En effet, les performances énergétiques des bâtiments peuvent d’ores et déjà être considérablement améliorées et l’énergie utilisée peut provenir de sources renouvelables. Ainsi, la pose de vitrage isolant permet d’économiser 7 % de l’énergie de chauffage, une chaudière efficace 15 %, l’isolation des murs de 10 à 15 %, l’isolation de la toiture, de 10 à 20 %, et l’installation d’un chauffe-eau solaire individuel ou d’une pompe à chaleur jusqu’à 70 % de la consommation d’énergie liée à la production d’eau chaude. (5) Des appareils électroménagers efficaces (réfrigérateurs et machines à laver de classe A ou B) consomment jusqu’à deux fois moins d’énergie. [Débat]

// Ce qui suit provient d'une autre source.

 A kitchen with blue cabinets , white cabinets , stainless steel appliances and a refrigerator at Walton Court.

Les choix urbanistiques ont également une incidence importante en termes de consommation d’énergie (plan de déplacement, mais aussi accès à des énergies renouvelables, écoconception,…). [Voir Eco-villes et éco-quartiers]

Bâtiments à haute qualité environnementale

Il existe une grande variété de techniques et de méthodes pour réduire la consommation énergétique d’un bâtiment. D’où un grand nombre de labels. La démarche HQE, pour « haute qualité environnementale », vise à fournir une démarche cohérente et globale qui s’inscrit dans une logique de développement durable. Elle prend en compte la conception, la construction, le fonctionnement et la déconstruction du bâtiment. (6)

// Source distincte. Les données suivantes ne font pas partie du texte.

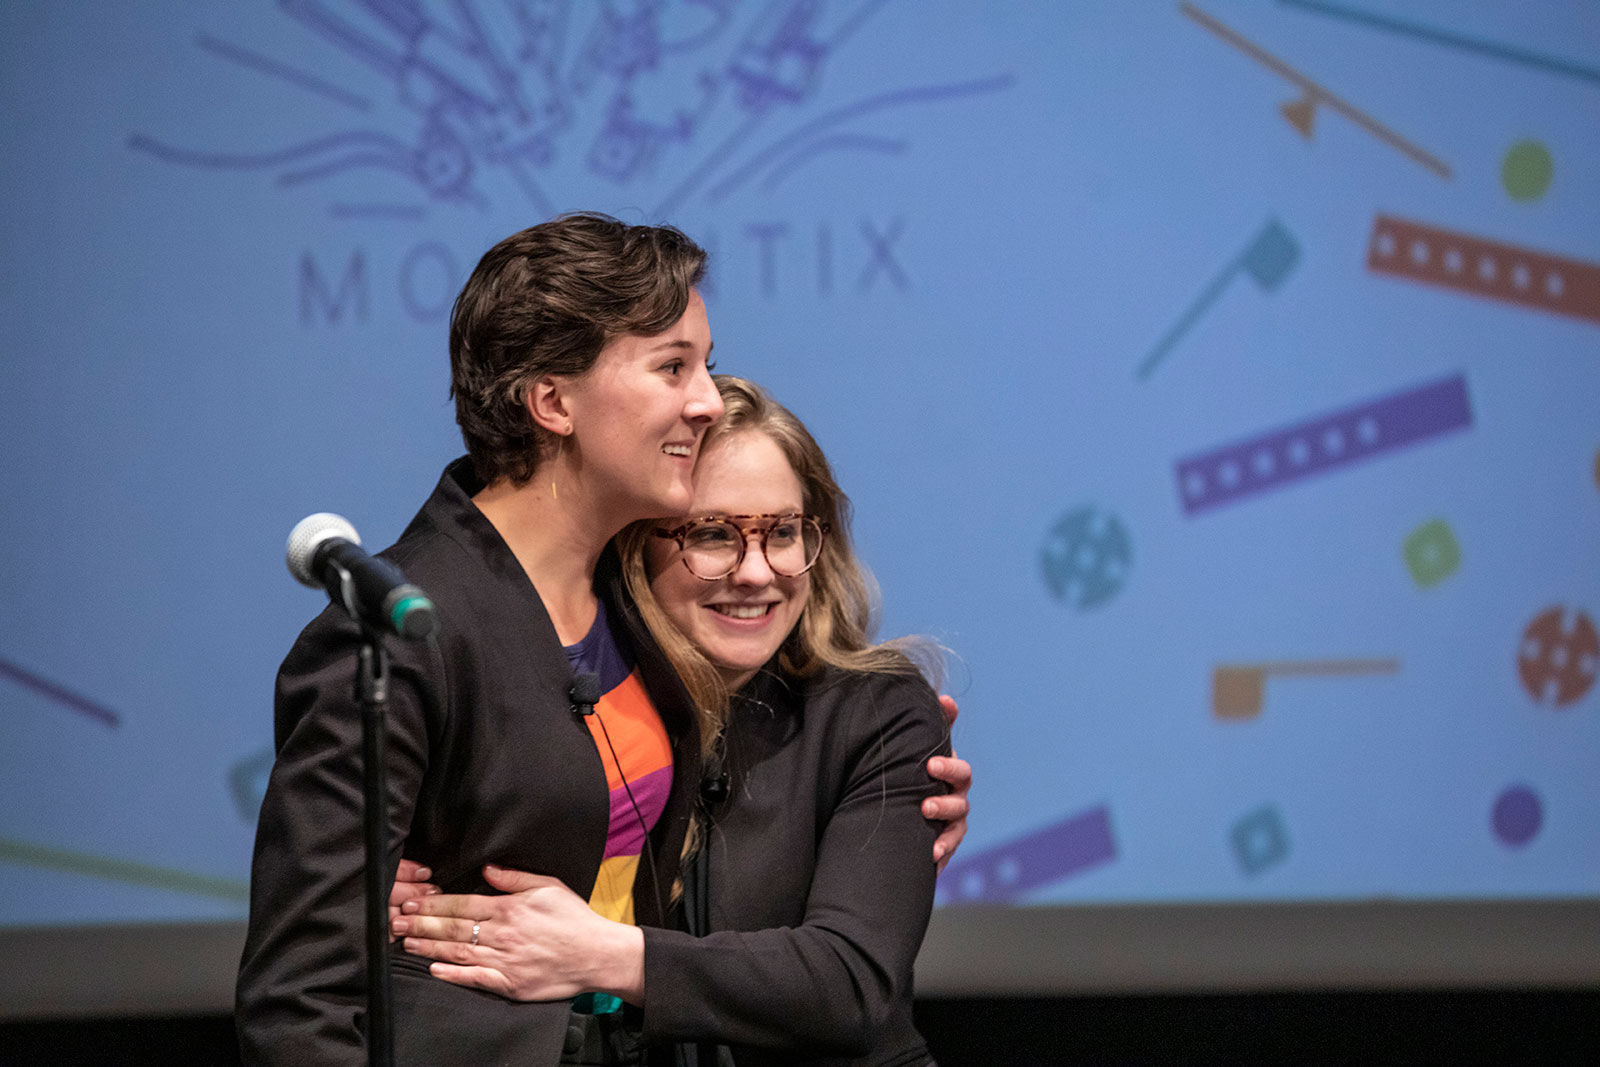 Pictured: Alana Aamodt '18 and Anna Gilbertson '19 Four teams competed in the final round of the Big Idea, a startup competition hosted by Innovation @ CC on Feb. 7m 2019 in Celeste Theater. The competing teams were SaFire, Advanced Water Sensing, Momentix and Infinite Chemistry. The teams competed for $25,000. First place went to Momentix while Advanced Water Sensing took second place. <span class="cc-gallery-credit"></span>

Maison passive et maison positive

Une conception adaptée, avec des matériaux, une isolation et une ventilation optimisés permet une consommation d’énergie très basse. On parle alors de maison passive, par référence à la norme allemande « Passivhaus ». (7) La Suisse a créé un label équivalent : « Minergie ». (8) Cette norme correspond à un besoin de chauffage inférieur à 15 kWh/m2/an et à une consommation d’énergie totale (chauffage, eau chaude, électricité…) de 42 kWh/m2/an au maximum. (9) A titre de comparaison, la consommation moyenne dans le bâtiment est proche de 400 kWh/m2/an !

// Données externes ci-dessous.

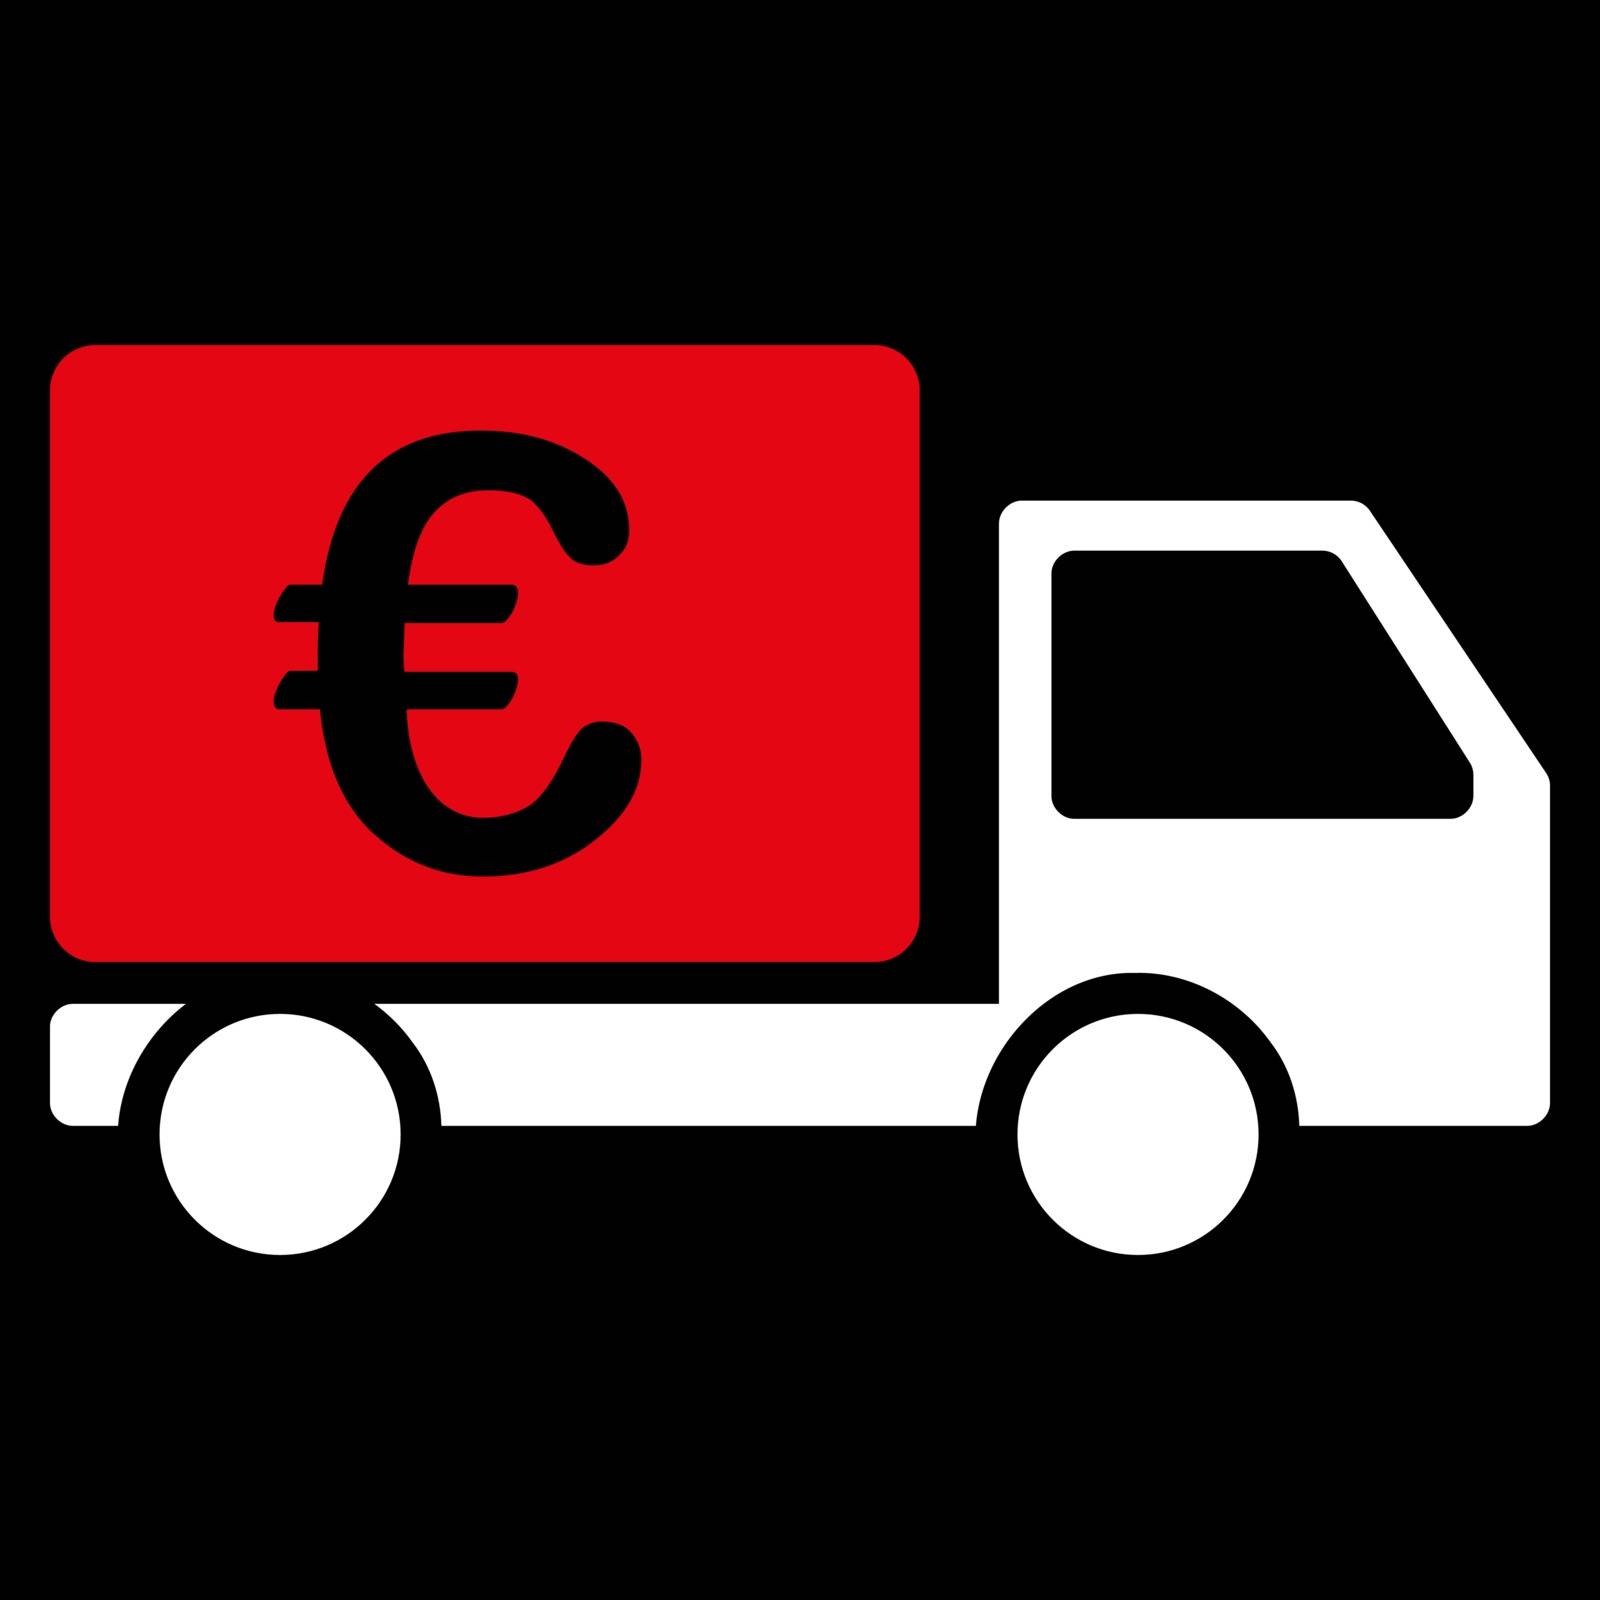 Collector car icon from BiColor Euro Banking Set by ahasoft

Certaines constructions peuvent même produire d’avantage d’énergie qu’elles n’en consomment : on parle alors de « maisons positives ». (10) Celles-ci requièrent la mise en place de panneaux photovoltaïques sur le toit, d’un éclairage favorisant l’apport de lumière naturelle, de la gestion des eaux pluviales, …

Une évolution lente

En Europe, un peu plus de 5000 maisons passives ont été construites. Différents projets pilotes existent ici et là mais restent d’ampleur modeste. A titre d’exemple, le programme européen CEPHEUS (Cost efficient passive houses as European standards) a abouti à la construction de 250 bâtiments dans cinq pays européens, dont la France, à travers la résidence Salvatierra à Rennes où 43 logements ont vu le jour en 2002. (11) A titre de comparaison, environ 350 000 logements sont construits chaque année en France.

Il ne s’agit pas que d’une question de prix, car, en Allemagne, le prix d’une maison passive est identique à celui d’une maison standard. En France, il n’est supérieur que de 5 à 10% à celui d’une maison classique et ce surcoût est amorti rapidement. (12) Il existe par ailleurs de nombreuses possibilités d’aide financière. En France, l’Agence nationale pour l’habitat offre des primes, l’Etat des allègements d’impôts et la Caisse d’Allocations Familiales des prêts. (13)

Il semblerait que le manque d’information sur les moyens de réaliser ces économies et sur les incitations financières, mais aussi la rigidité du secteur de la construction empêchent une évolution plus rapide.